Several existing medications are being evaluated for neuroprotective or anti-inflammatory properties that were never part of their original design. The Hedgehog signaling pathway that itraconazole inhibits, for instance, plays roles in neurodevelopment and neurodegeneration that researchers are only beginning to understand. Whether these antifungal drugs will eventually find formal approval for their off-label uses remains uncertain, but the pattern is clear. Medicine’s existing pharmacy shelves may hold more solutions than we have recognized, and the willingness to look at old drugs through new lenses is already changing patient care in endocrinology, oncology, and dermatology.
Conclusion
Ketoconazole and itraconazole are two antifungal medications whose stories have expanded well beyond their original purpose. Ketoconazole’s ability to suppress cortisol production has made it a recognized treatment for Cushing’s syndrome, approved in Europe and recommended off-label in the United States, with approximately 60 percent of patients achieving cortisol control. Itraconazole’s inhibition of angiogenesis and the Hedgehog signaling pathway has opened doors in cancer research, dermatology, and pulmonary medicine, though most of these applications remain investigational.
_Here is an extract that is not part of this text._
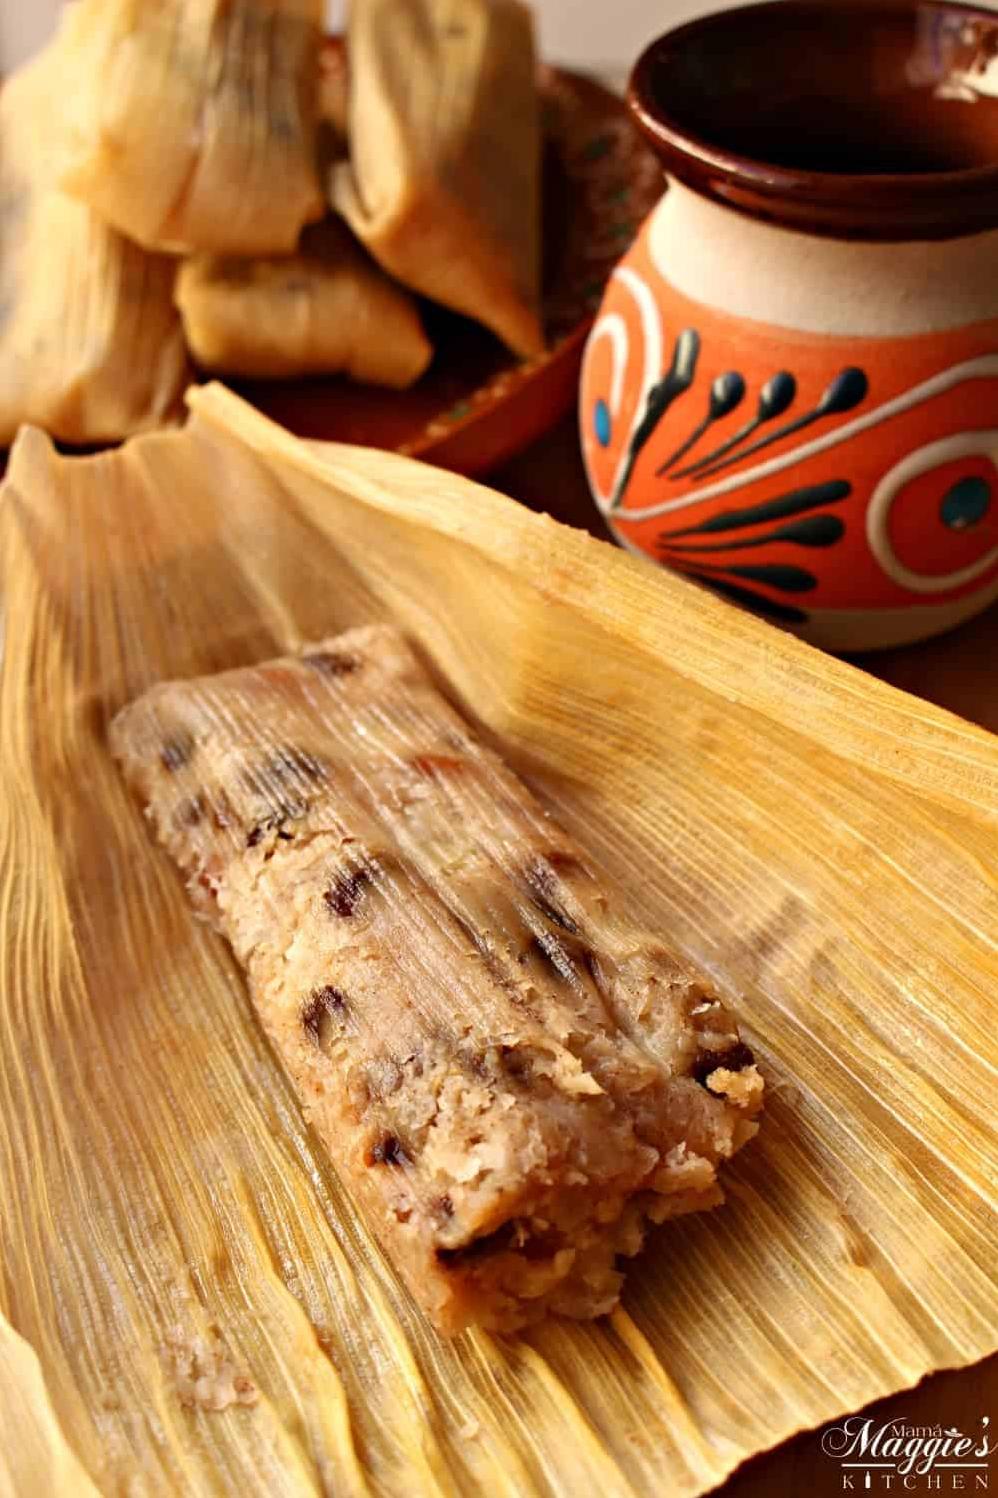  Breakfast, brunch, or dessert? These sweet tamales fit in anywhere

For patients and caregivers navigating complex health conditions, the key takeaway is that these drugs have genuine clinical value beyond their antifungal label, but they also carry significant risks, particularly hepatotoxicity and drug interactions. Off-label use should always be guided by a physician who understands the full medication picture, and no one should self-prescribe these drugs based on research headlines alone. The science is real, but so are the side effects.
Frequently Asked Questions
Is ketoconazole FDA-approved for Cushing’s syndrome?
No. Ketoconazole is approved in Europe for Cushing’s syndrome but is used off-label in the United States, where it is recommended as a second-line treatment after transsphenoidal surgery.
Can itraconazole cure cancer?
No. Clinical trials have suggested benefits in several cancer types including prostate cancer, basal cell carcinoma, non-small cell lung cancer, and melanoma, but itraconazole has not received regulatory approval for any cancer indication. It remains investigational for oncology use.
What is the success rate of ketoconazole for controlling cortisol in Cushing’s syndrome?
Approximately 60 percent of patients achieve cortisol control, with response rates ranging from 45 to 88 percent across key clinical studies.
Are there serious risks associated with using ketoconazole off-label?
Yes. Hepatotoxicity is the primary concern, requiring regular liver function monitoring. Ketoconazole is also a potent CYP3A4 inhibitor, meaning it can significantly increase blood levels of many other medications and create dangerous drug interactions.
What cancers has itraconazole been studied for?
Clinical benefits have been suggested for prostate cancer, basal cell carcinoma, non-small cell lung cancer, ovarian cancer, triple-negative breast cancer, pancreatic cancer, biliary tract cancer, and melanoma. A January 2025 study in Frontiers in Pharmacology specifically demonstrated itraconazole’s ability to promote melanoma cell death.
Is ketoconazole shampoo effective for hair loss?
Ketoconazole shampoo is used off-label for androgenic alopecia, typically in combination with an oral 5α-reductase inhibitor. It may help reduce scalp inflammation, though it is considered a supplemental treatment rather than a primary therapy.